• [About this exercise]: Go through the listing below and write out exactly the lines from the one that mentions "北京市属公园网红打卡地推荐 精品游览路线开启美好新春" through the one that mentions "Threaded Insert METRIC", minus the pictures.

• [Data]:
══════════
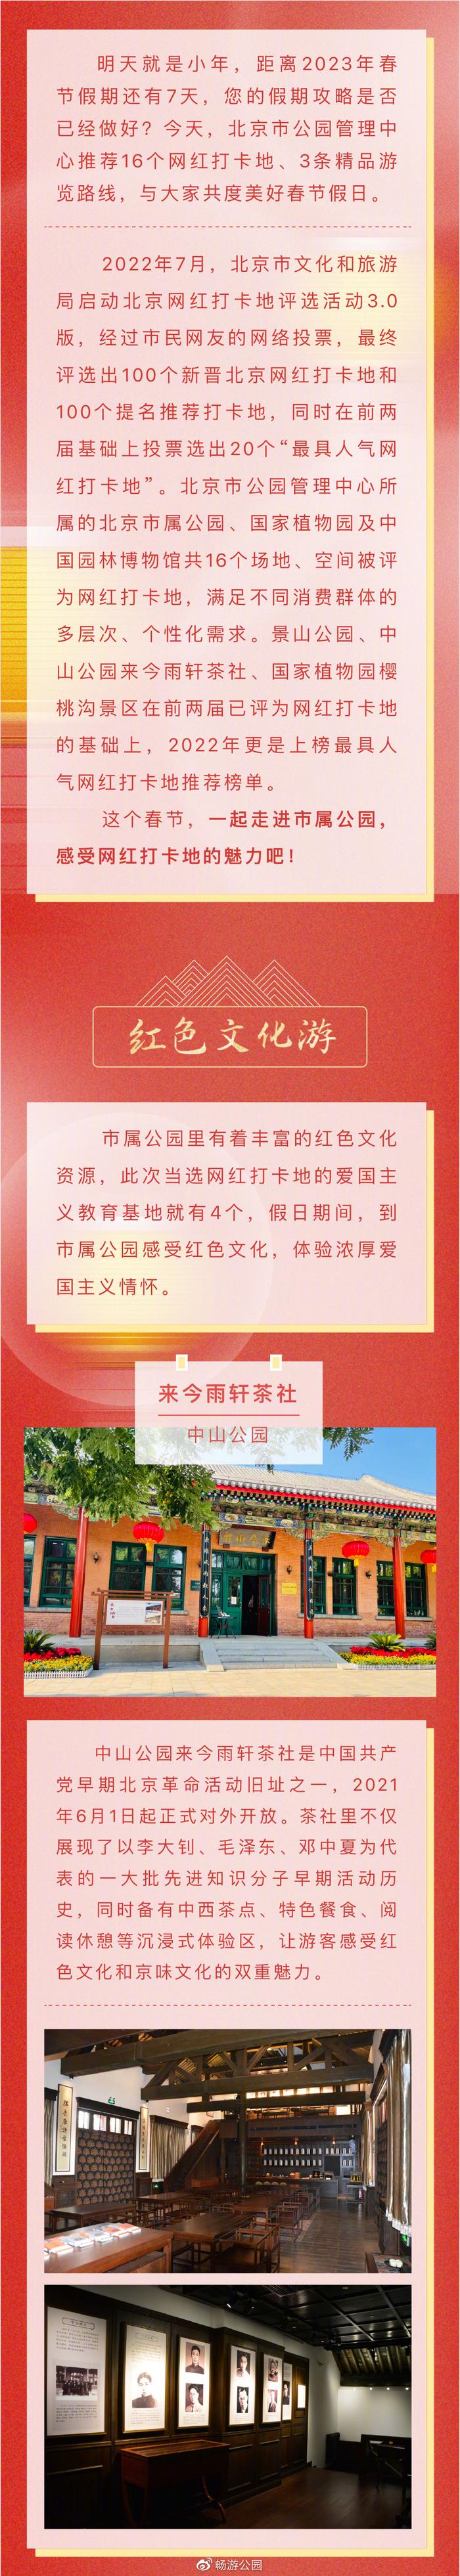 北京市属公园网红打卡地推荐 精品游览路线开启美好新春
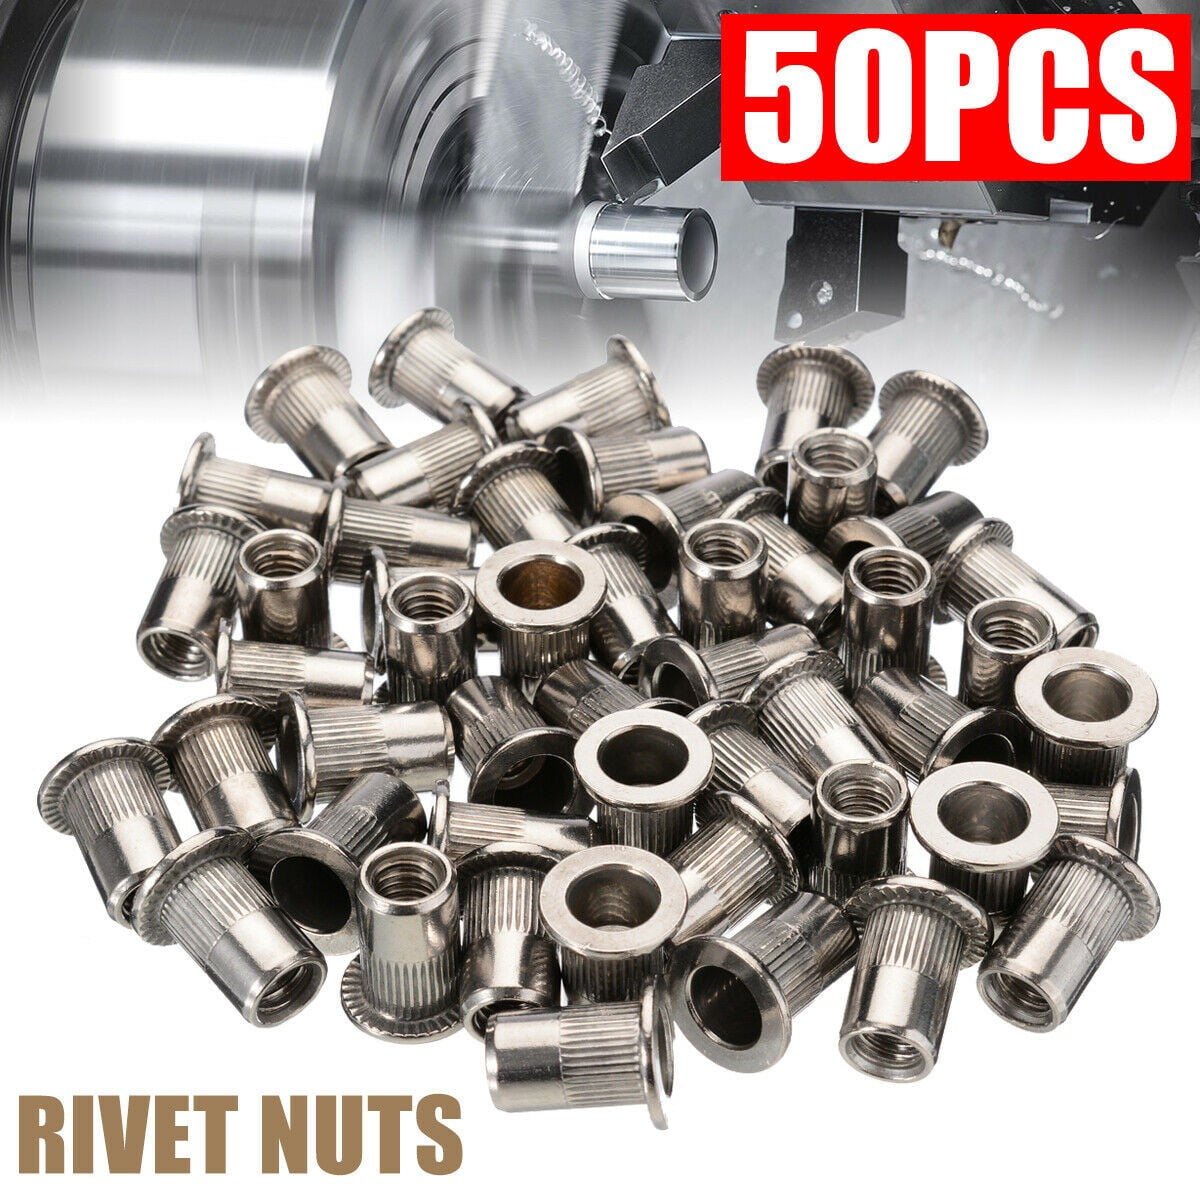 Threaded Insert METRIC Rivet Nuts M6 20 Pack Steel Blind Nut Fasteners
══════════
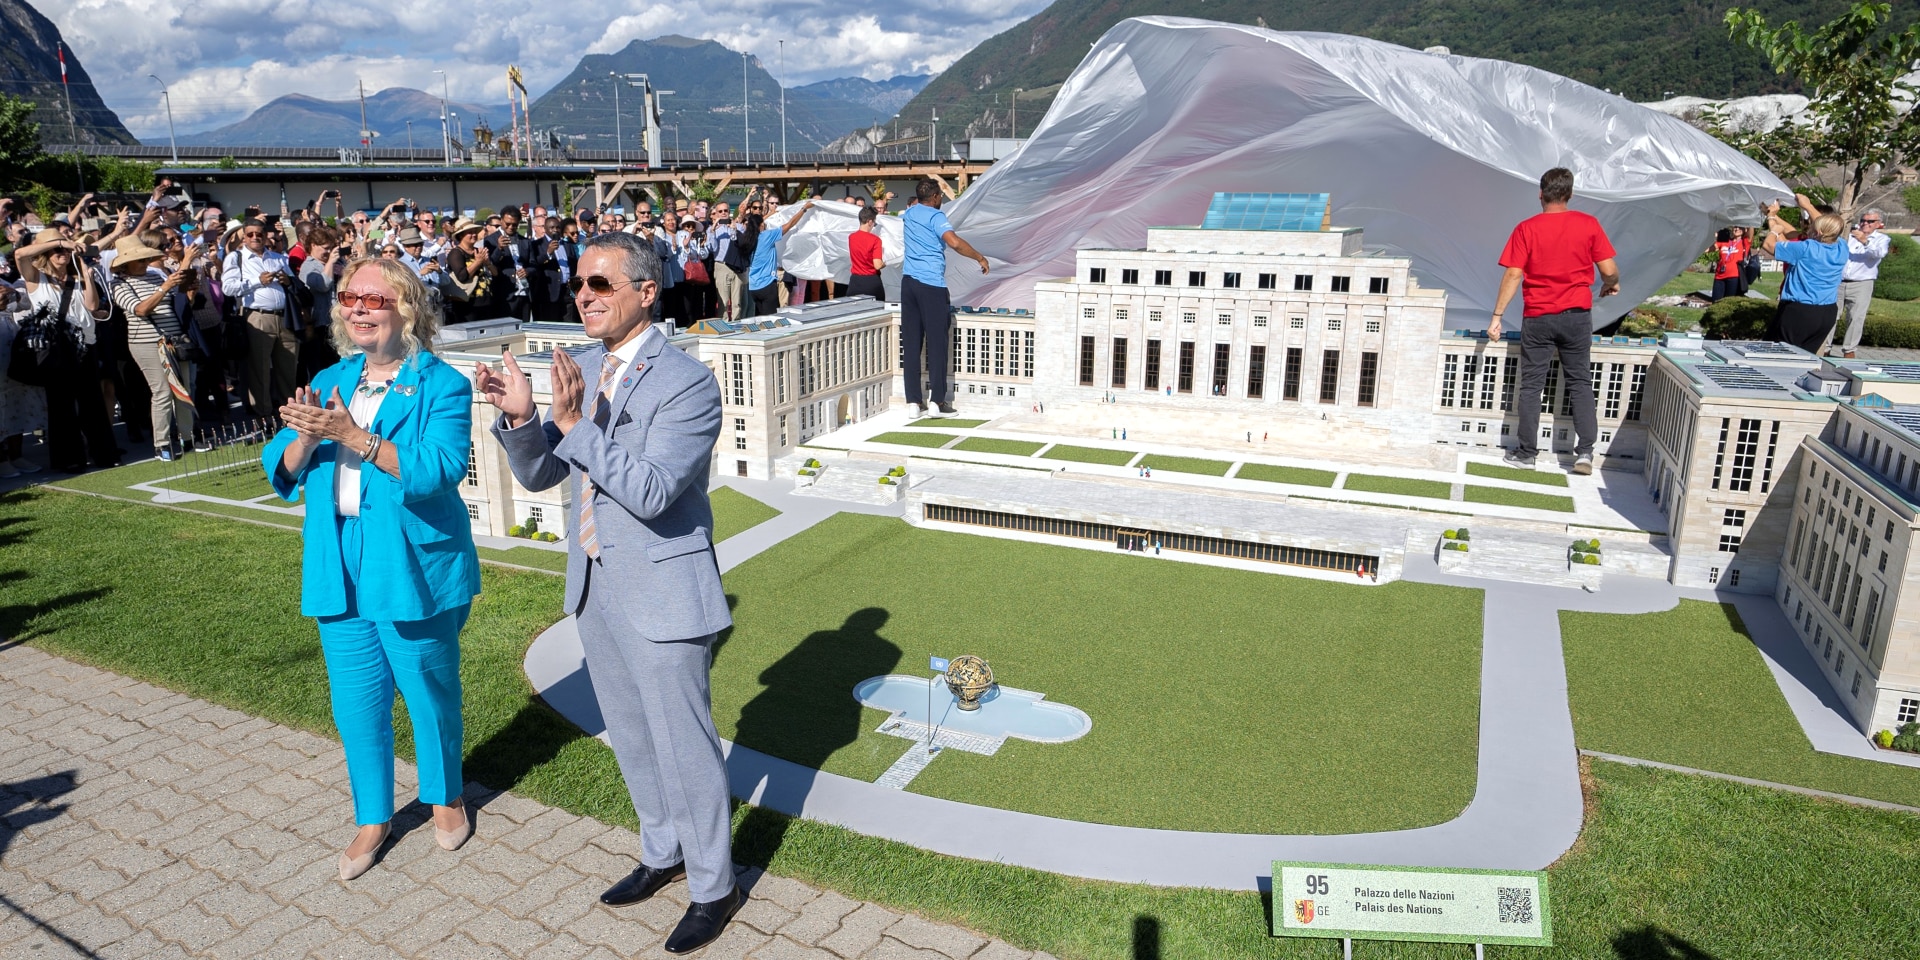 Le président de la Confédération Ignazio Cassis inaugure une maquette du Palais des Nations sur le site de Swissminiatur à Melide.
══════════
• [Exercise response]:
 北京市属公园网红打卡地推荐 精品游览路线开启美好新春
 Threaded Insert METRIC Rivet Nuts M6 20 Pack Steel Blind Nut Fasteners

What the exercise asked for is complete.